基于深度学习的泛锐化技术在高分辨率成像中得到了广泛的应用。然而，与泛化和过度平滑相关的工件一直是挑战，主要是由于模拟数据集与未见过的现实世界场景之间的不匹配。目前的方法通过无监督框架或生成模型来解决这些问题，而模态不一致没有得到充分考虑，导致性能不佳。在本文中，我们提出了一个基于不确定性指导的对比跨模态框架（UGCC），该框架包括三个关键模块：对比特征增强模块（CFEM）、跨模态补偿模块（CMCM）和不确定性指导模块（UGM）。首先，为了增强泛化和减少过拟合，引入了CFEM。鲁棒性对比特征在潜在空间中被增强和稀疏学习，其中样本分布被细化，并且从高度相似的样本对中过滤冗余信息以增强训练稳定性。此外，CMCM通过领域转移和协同关注有效地缓解了模态不一致，实现了高效的模态分离和交互。最后，为了基于预测置信度自适应平衡CMCM和CFEM的性能，设计了一个混合损失函数，其中UGM通过量化统计与结构的不确定性来调整权重。在Quickbird，高分2号，WorldView-2和WorldView-3上进行的大量实验表明，所提出的方法的性能超过或匹配最先进的技术。此外，消融研究验证了每个组件的有效性。代码现在可以在https://github.com/meimeizeng/UGCF上获得。

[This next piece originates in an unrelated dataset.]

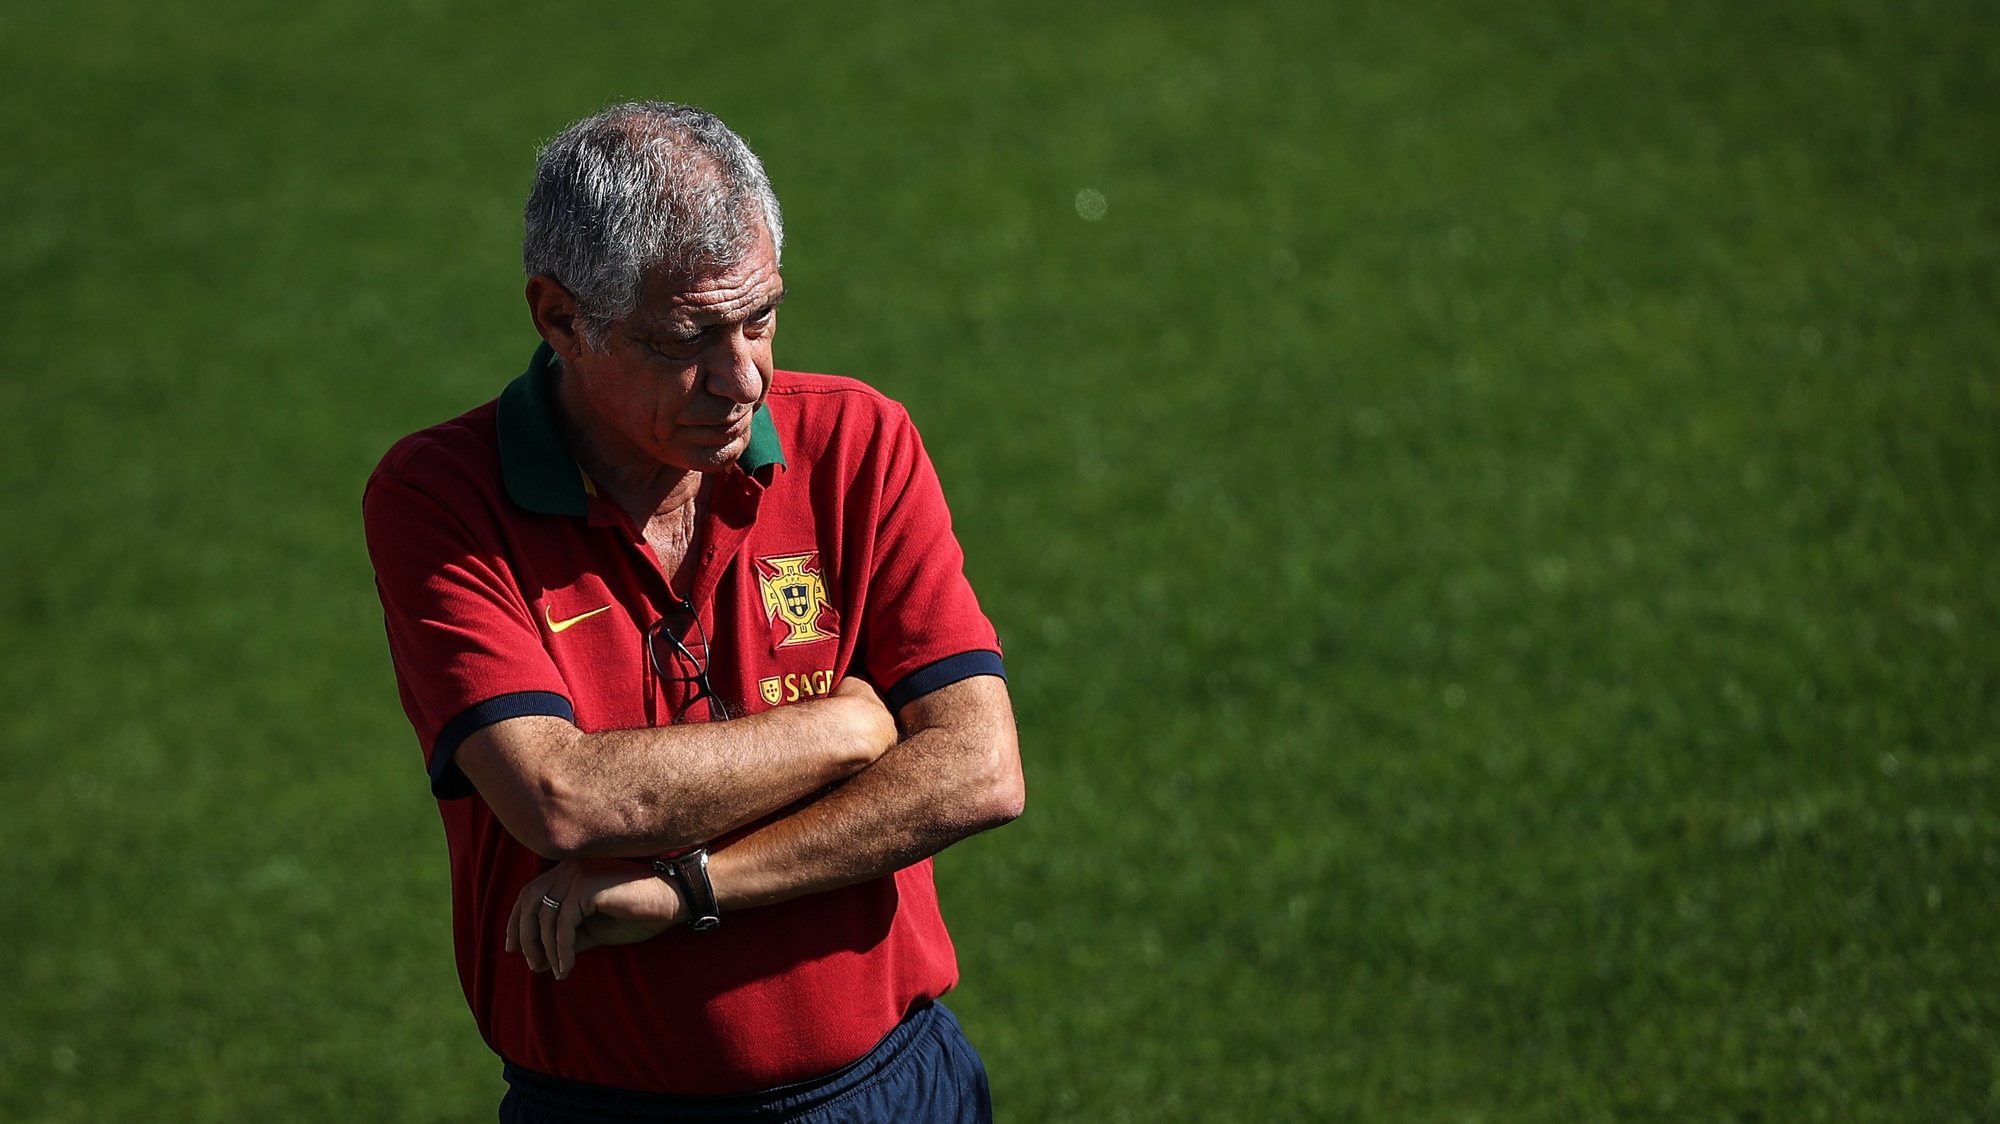 Portugal&#039;s head coach Fernando Santos during a training session at Cidade do Futebol in Oeiras, outskirts of Lisbon, Portugal, 21 September 2022. Portugal will play against the Czechia Republic on 24th of September in Prague and Spain on the 27th September in Portugal northern city of Braga for the upcoming UEFA Nations League. RODRIGO ANTUNES/LUSA

本文章由计算机程序翻译，如有差异，请以英文原文为准。

求助全文

约1分钟内获得全文去求助

来源期刊

IEEE Transactions on Geoscience and Remote Sensing 工程技术-地球化学与地球物理

CiteScore

11.50

自引率

28.00%

发文量

1912

审稿时长

4.0 months

期刊介绍： IEEE Transactions on Geoscience and Remote Sensing (TGRS) is a monthly publication that focuses on the theory, concepts, and techniques of science and engineering as applied to sensing the land, oceans, atmosphere, and space; and the processing, interpretation, and dissemination of this information.